The recently published Global Terrorism Index (GTI) by the Institute for Economic Peace evaluated the impact of terrorism in 163 countries across four dimensions, using data from Dragonfly’s TerrorismTracker database up until 31 December 2022. The report found that the Middle East and North Africa (MENA) witnessed a significant decrease in suicide attacks but a surge in firearm usage and attacks on military and police forces. Iraq also experienced a notable decline in terrorism-related fatalities. The GTI report states that specific groups orchestrated two-thirds of the documented attacks, resulting in an average of six casualties per incident from suicide bombings in 2022.
Four terrorist groups, namely the Islamic State (IS), Al-Shabaab, Jamaat Nusrat Al-Islam wal Muslimeen (JNIM), and Balochistan Liberation Army (BLA), were collectively responsible for 47% of total terrorism deaths worldwide that year. The Sahel region in sub-Saharan Africa suffered the most attacks, with 65% of the regional attacks happening in ten Sahel nations. The ten countries most affected by terrorism in 2022 were Afghanistan, Burkina Faso, Somalia, Mali, Syria, Pakistan, Iraq, Nigeria, Myanmar, and Niger. Despite the decline of IS central in Iraq and Syria, the group's franchise groups remain active worldwide.
Asia-Pacific Region: Anticipated Vulnerabilities and Risks
The death of al-Jabouri and the disruption of the group's ability to plot external attacks may be significant in reducing the risk of terrorist attacks in affected regions. Even though the strike targeting al-Jabouri took place in northwestern Syria and would not have a direct impact on Southeast Asia, the disruption of IS's ability to plan external attacks may indirectly impact the region's security situation. Southeast Asia has often been identified as a potential target for IS's expansion and recruitment efforts.
Nevertheless, according to the GTI report, the Asia-Pacific region has experienced improvements in eight countries and deteriorations in three, leading to a diminished impact of terrorism for the fourth consecutive year. Although Indonesia saw a significant drop in the number of attacks, the country witnessed a worsening terrorism impact instead, with attacks becoming more lethal. On the other hand, the Philippines recorded its lowest levels of terrorism since the inception of the GTI, with only 20 attacks and 18 deaths in 2022, falling by 68% and 65%, respectively, compared to the previous year.
However, the overall risk of terrorism remains significant, and certain regions and terrorist groups pose a higher risk than others, as highlighted in the GTI report. As the world recovers from the Covid-19 pandemic, sporadic clashes and low-level violence continue to occur in the Southern Philippines, while Indonesia continues to sustain security pressure through anti-terrorism raids and arrests.
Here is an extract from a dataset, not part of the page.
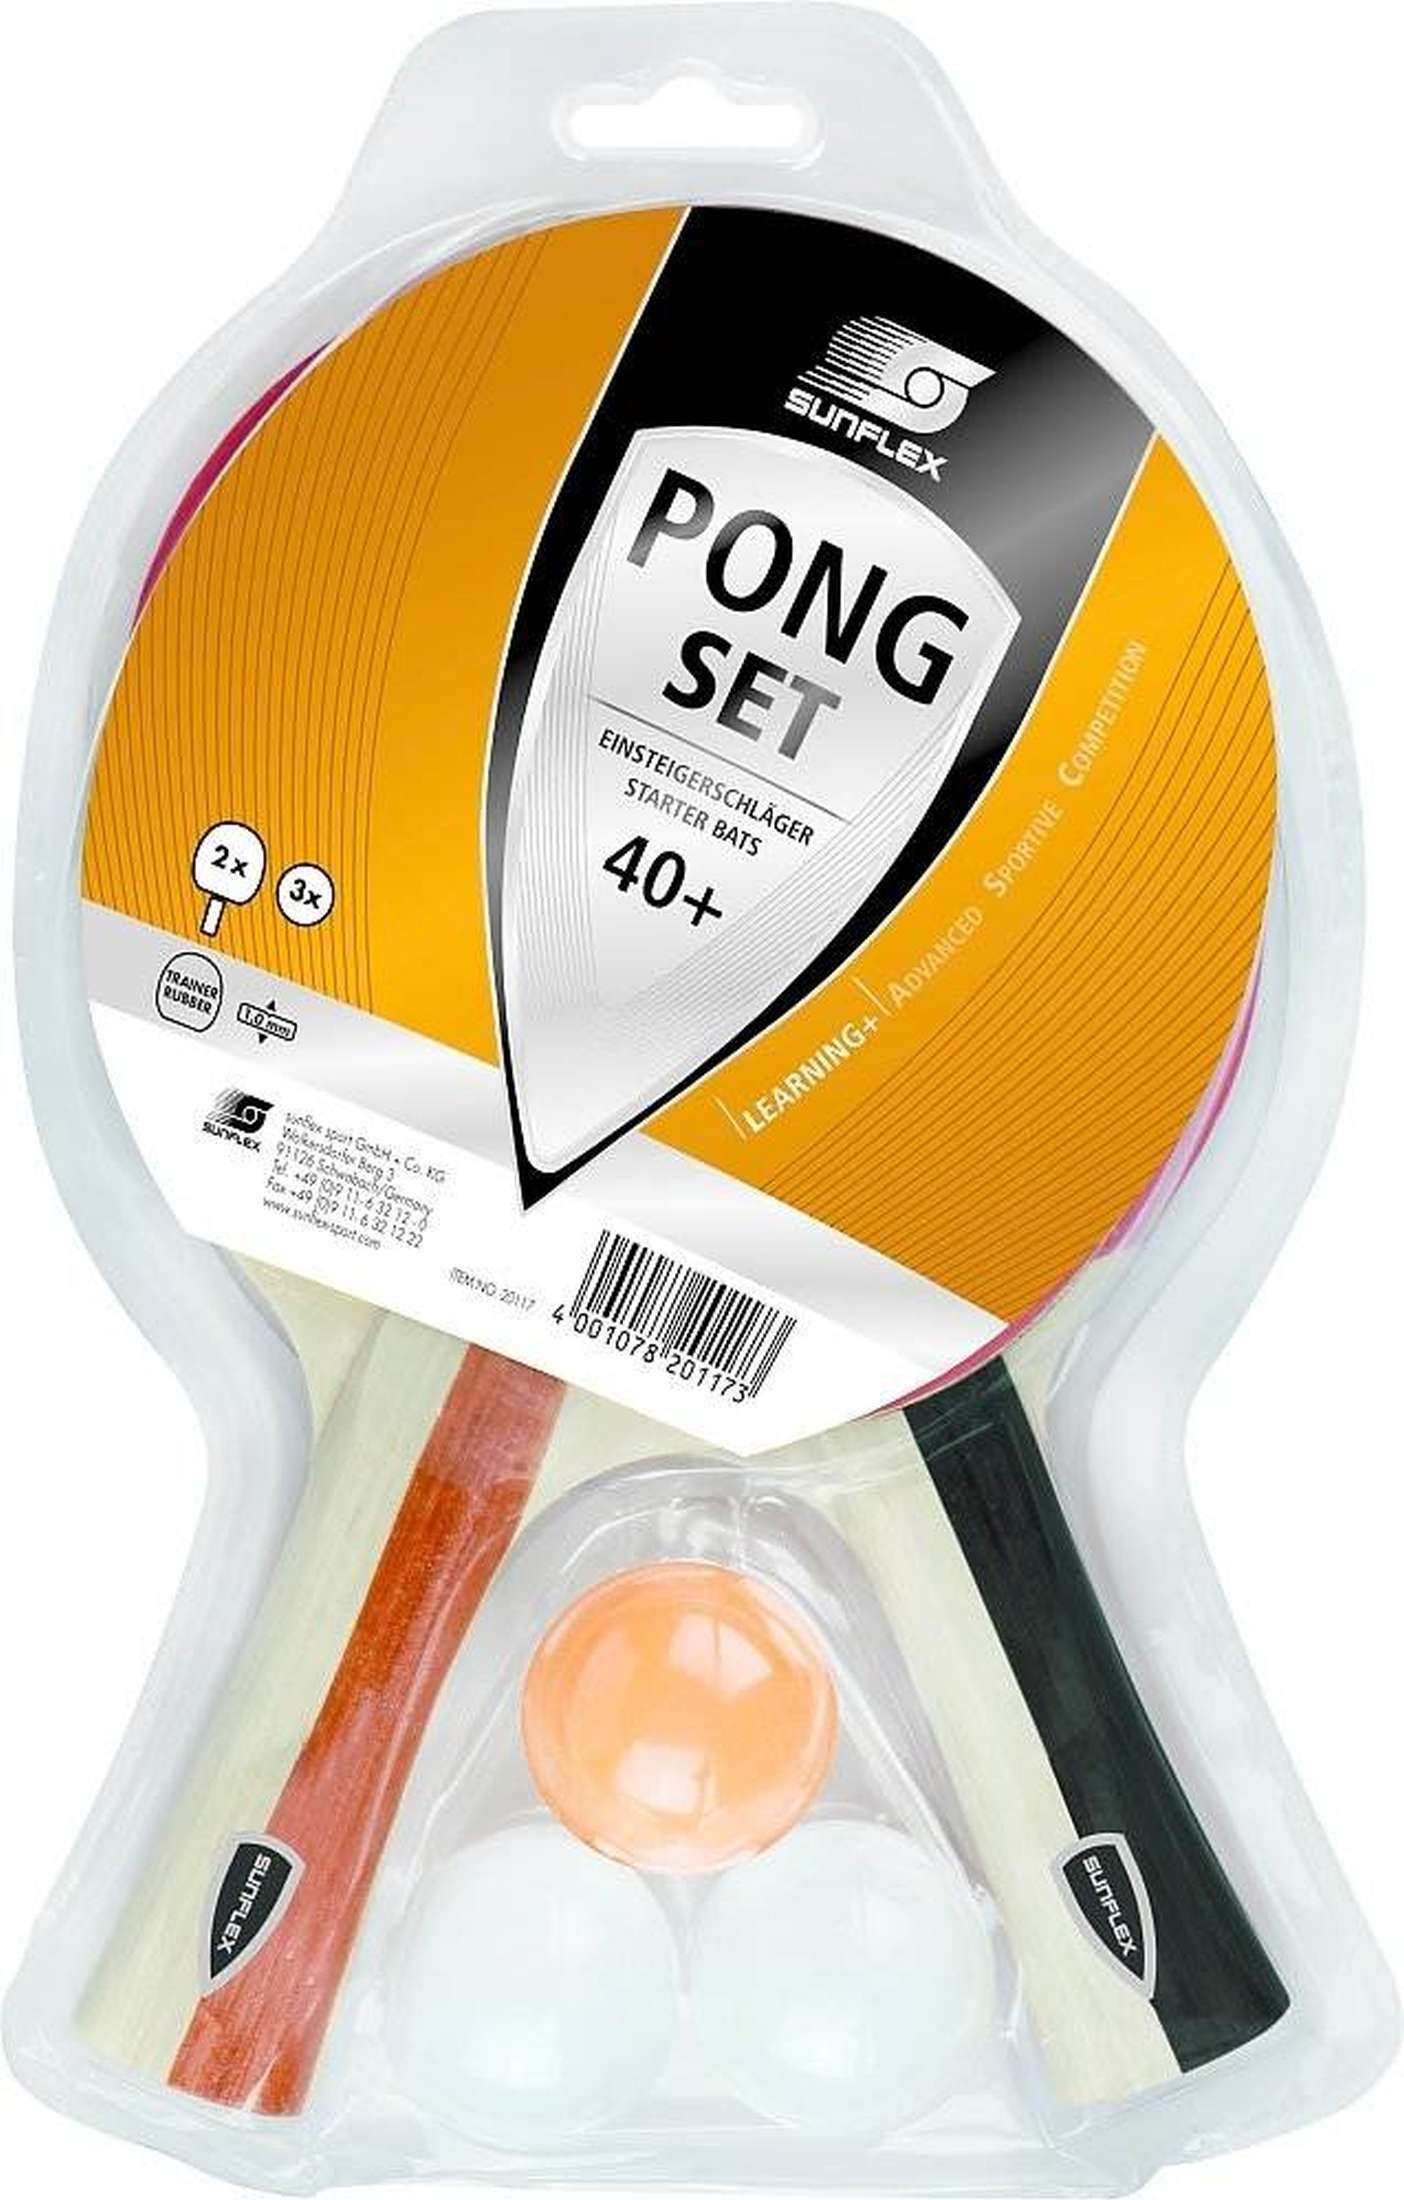 Tischtennis Set Sunflex Pong-1

Moreover, the continued surrenders of militant members in the Southern Philippines may indicate that the militants are being fatigued by the prolonged military offensive.
While separatist struggles tied to religious extremism remain the primary driving force behind violence, the GTI report highlights that climate change could exacerbate the situation, increasing competition for resources that terrorist groups may exploit. Although IS central's decline in Iraq and Syria may have reduced the risk in those specific regions, the continued activity of their franchise groups, particularly in sub-Saharan Africa and South Asia, suggests that the overall risk of terrorist attacks remains significant.